- **Task brief**
Verbatim copy, pictures excluded: every line from the one with "Război Ucraina. Cimitir" through the final line of the data below, and no other line.

- **Supplied information**
#####

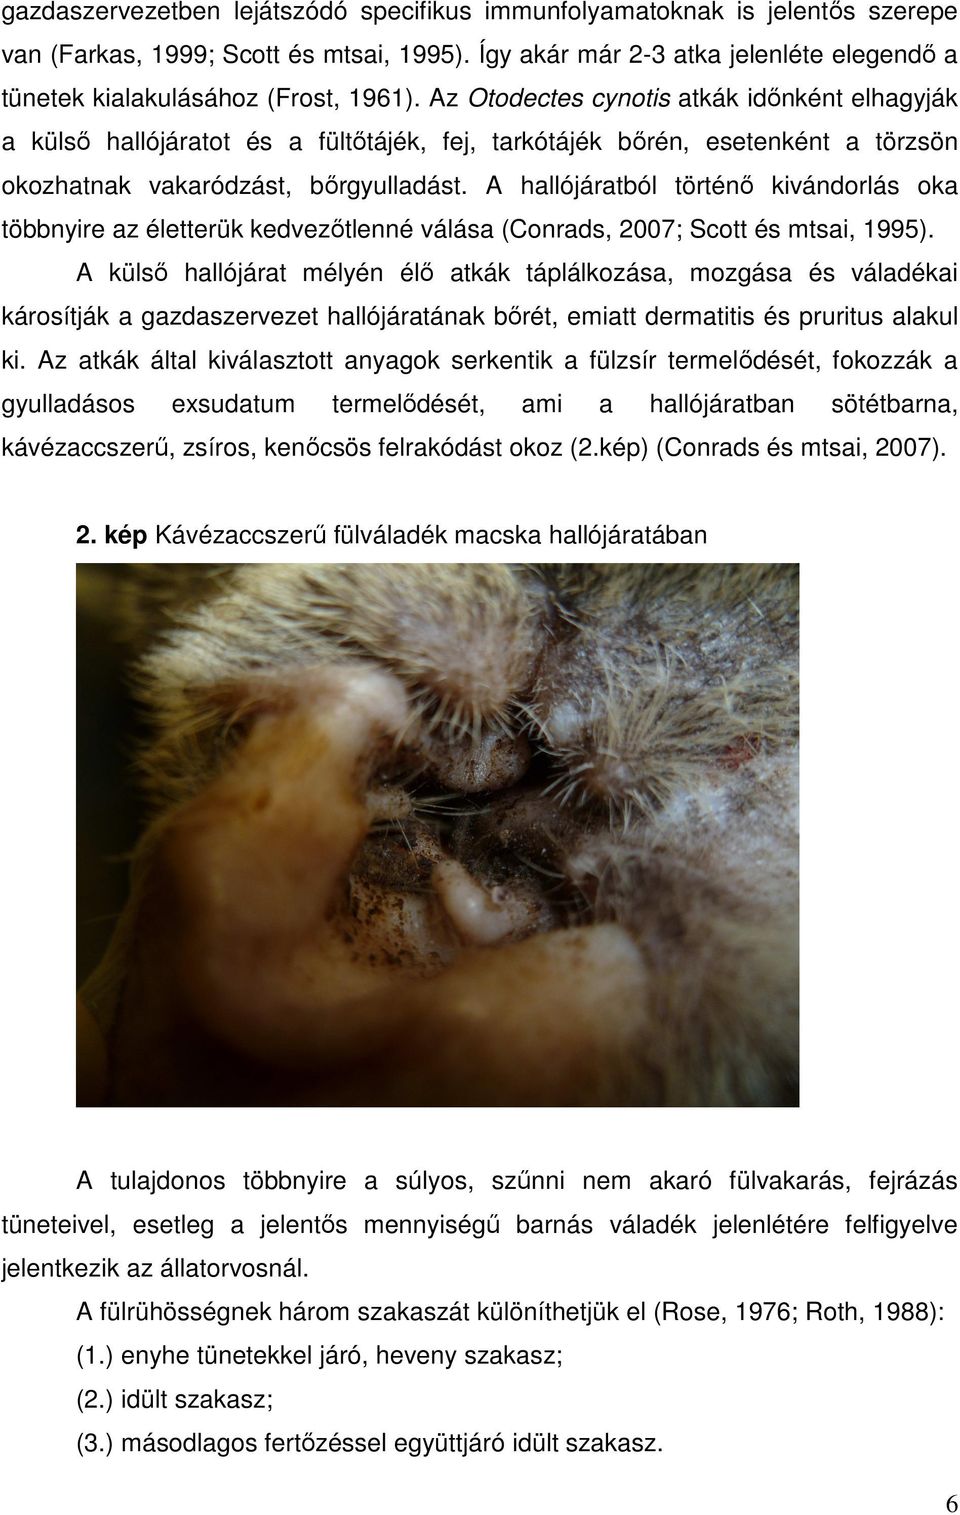 Az Otodectes cynotis atkák időnként elhagyják a külső hallójáratot és a fültőtájék, fej, tarkótájék bőrén, esetenként a törzsön okozhatnak vakaródzást, bőrgyulladást.
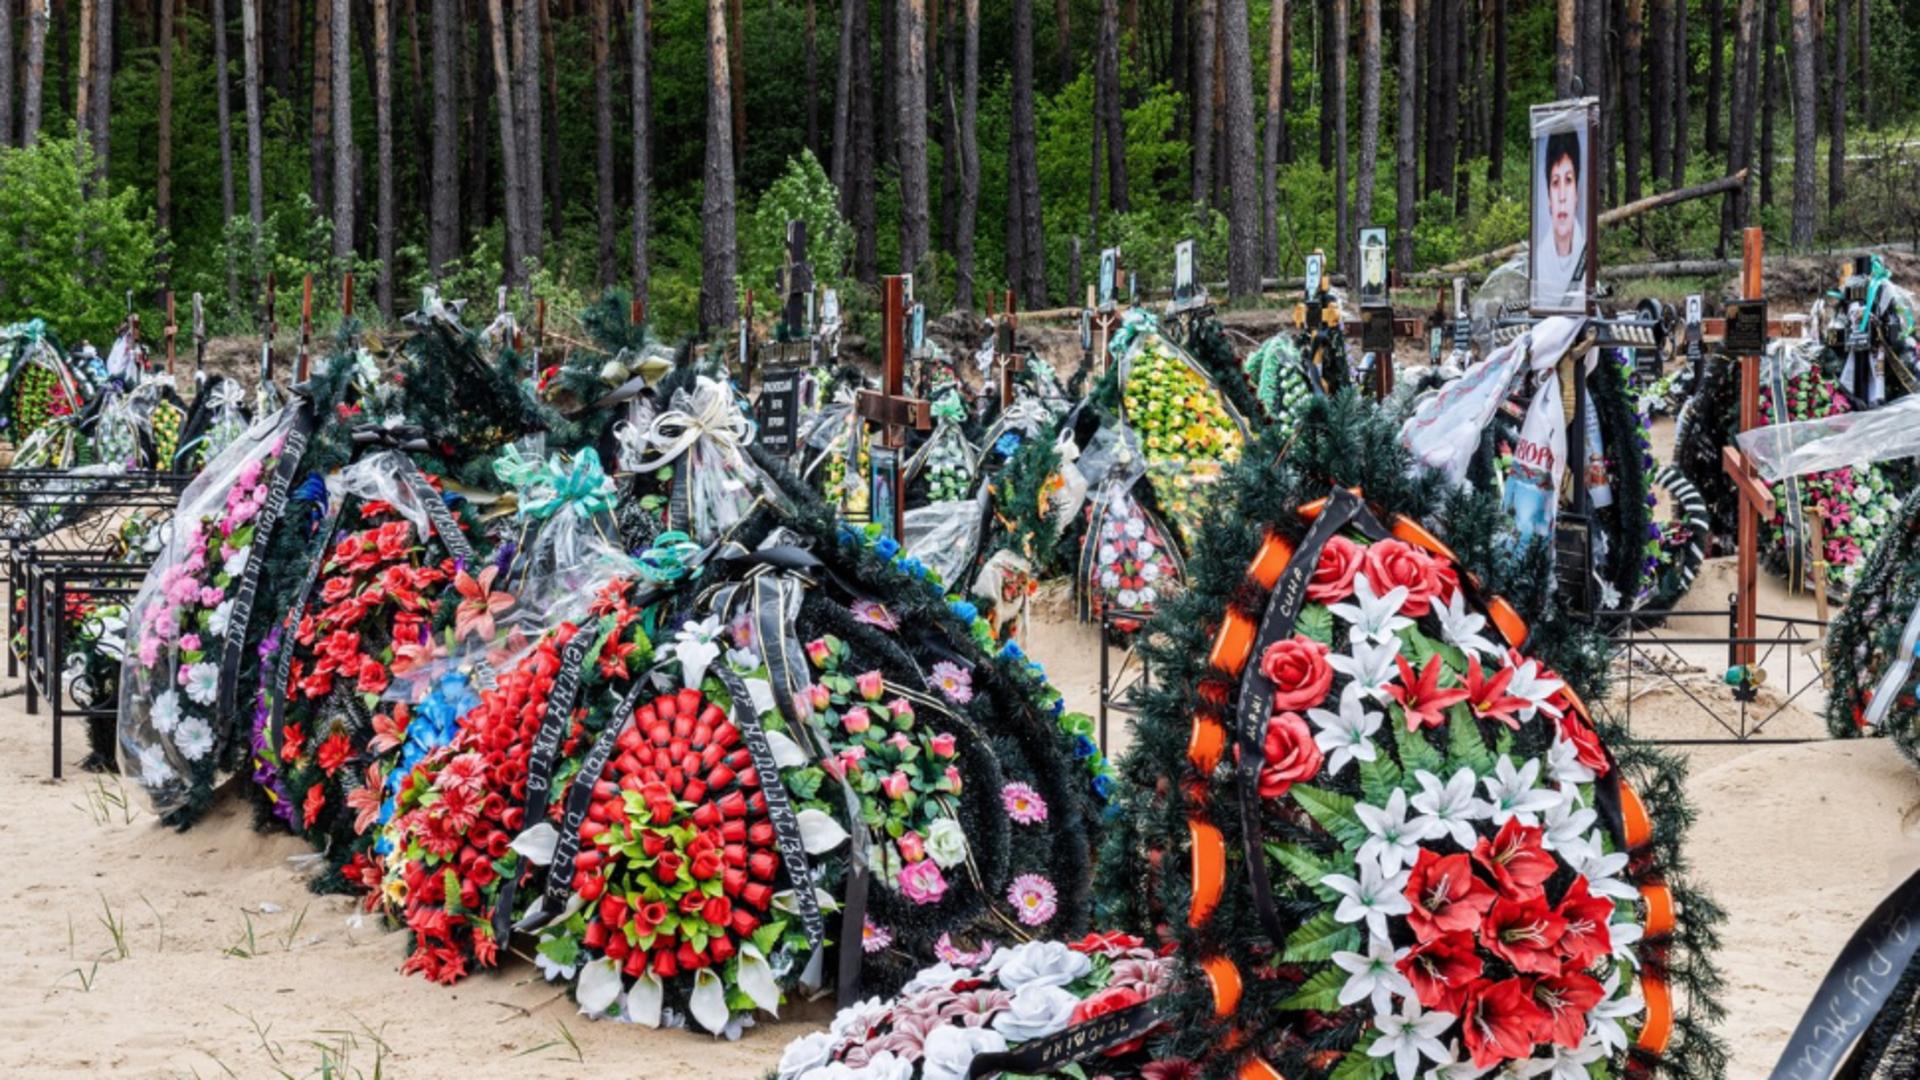 Război Ucraina. Cimitir în Bucha după atrocitățile rușilor Foto: Profi Media
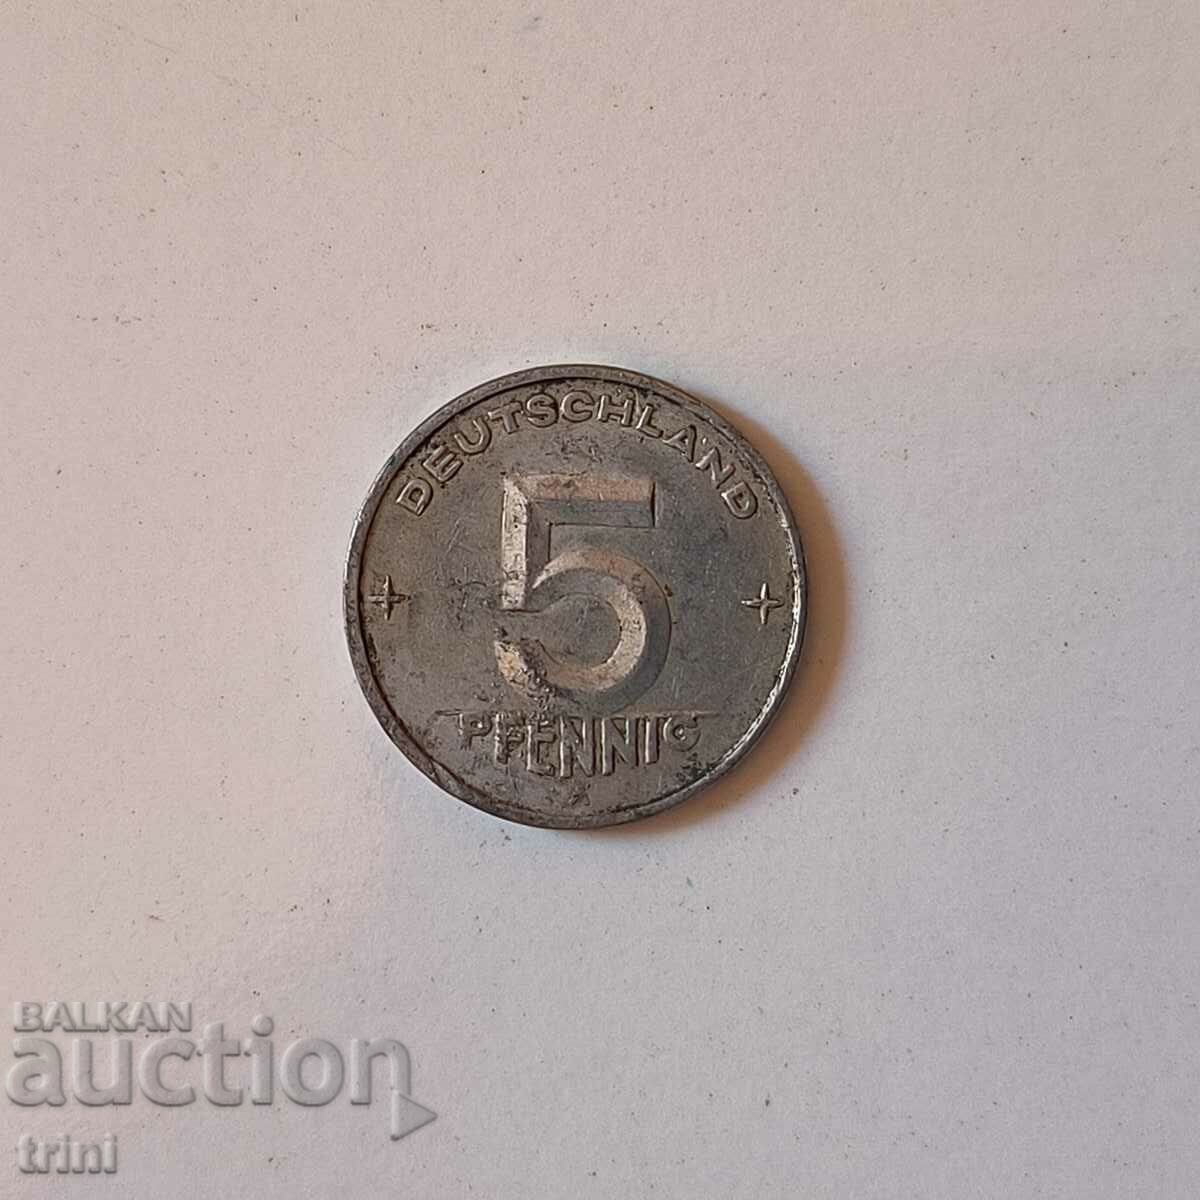 Germany GDR 5 pfennig 1950 year b54

#####

- **Reply to the exercise**
 Război Ucraina. Cimitir în Bucha după atrocitățile rușilor Foto: Profi Media
 Germany GDR 5 pfennig 1950 year b54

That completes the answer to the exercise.